RECORDED INFORMATION:
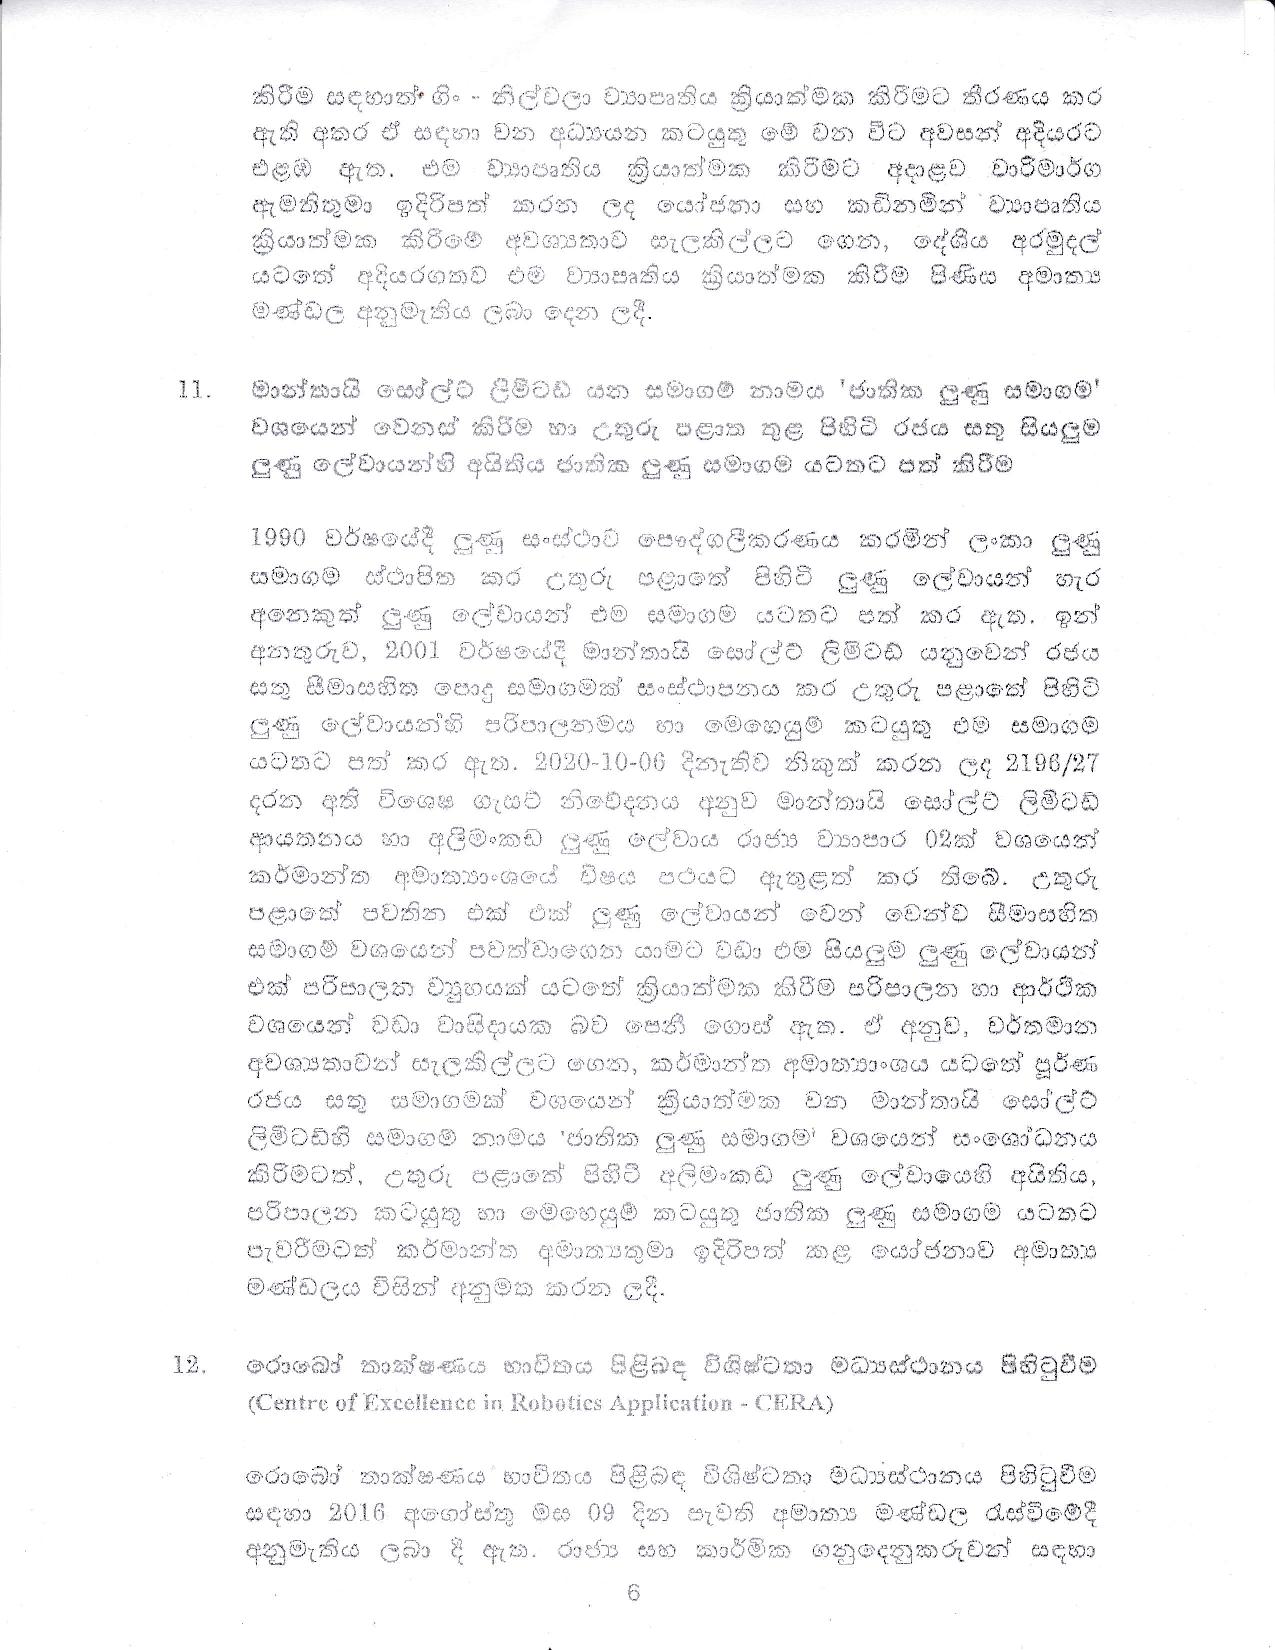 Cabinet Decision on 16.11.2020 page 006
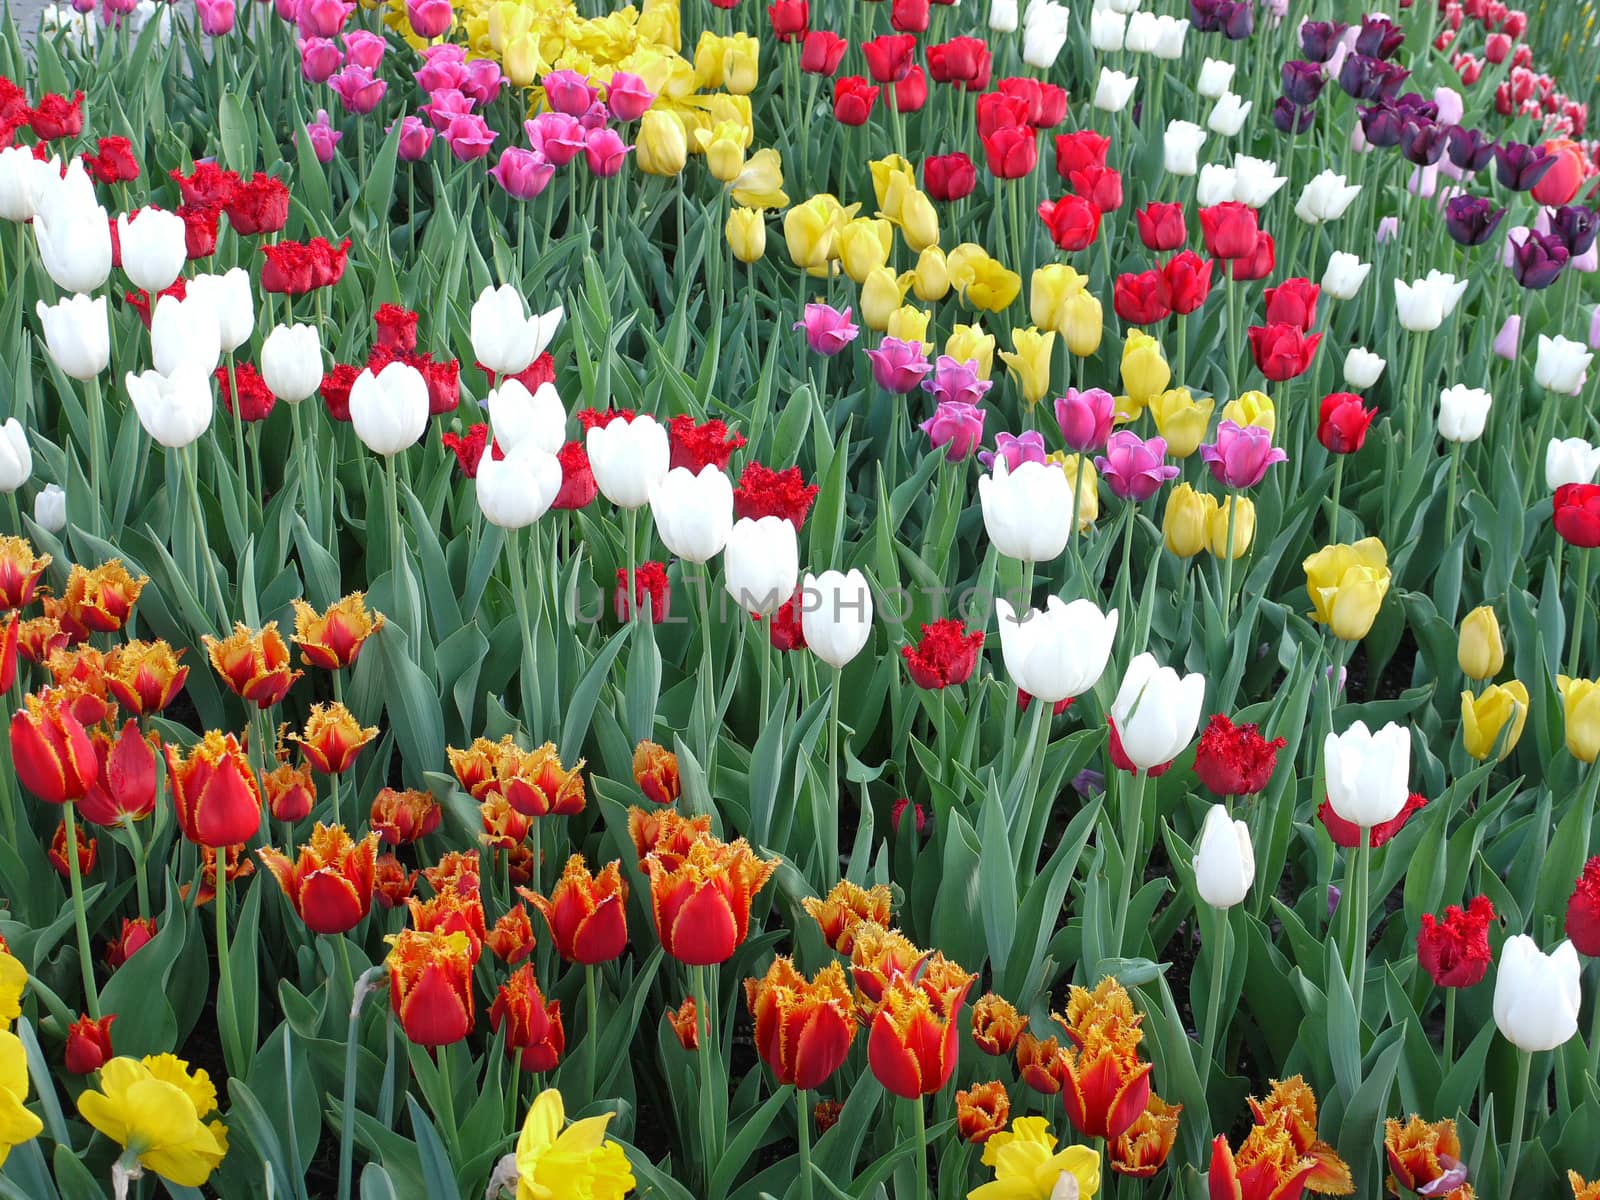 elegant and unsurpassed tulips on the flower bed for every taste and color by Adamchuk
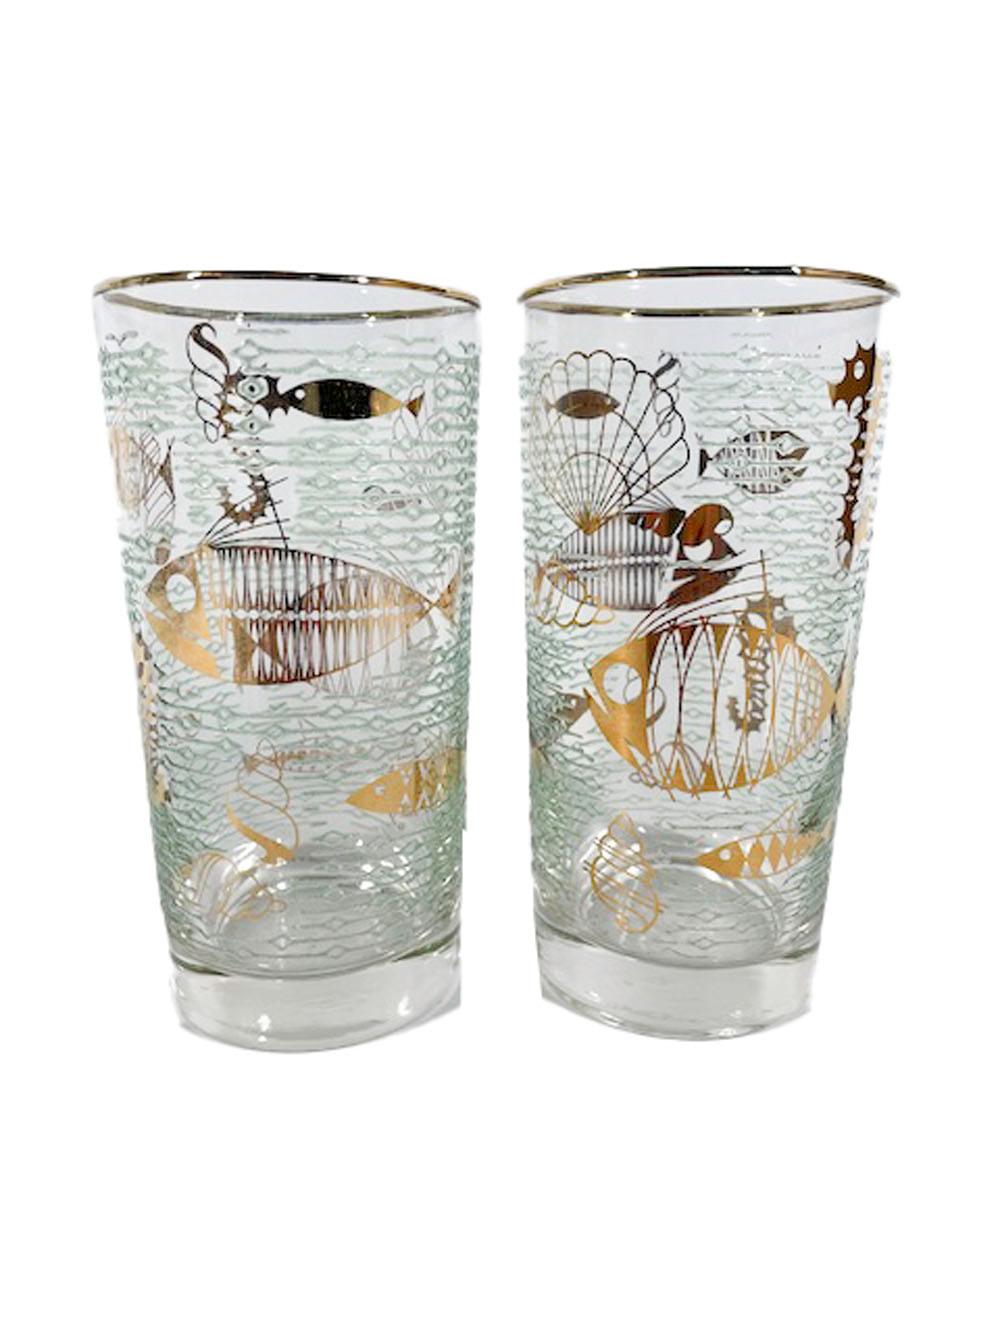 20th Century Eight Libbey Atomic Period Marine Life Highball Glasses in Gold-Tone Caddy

BRIEF:
Take the line containing "elegant and unsurpassed" through the last line of the material and retype exactly those lines, both ends included, with no pictures.

ANSWER TO THIS PROBLEM:
 elegant and unsurpassed tulips on the flower bed for every taste and color by Adamchuk
 20th Century Eight Libbey Atomic Period Marine Life Highball Glasses in Gold-Tone Caddy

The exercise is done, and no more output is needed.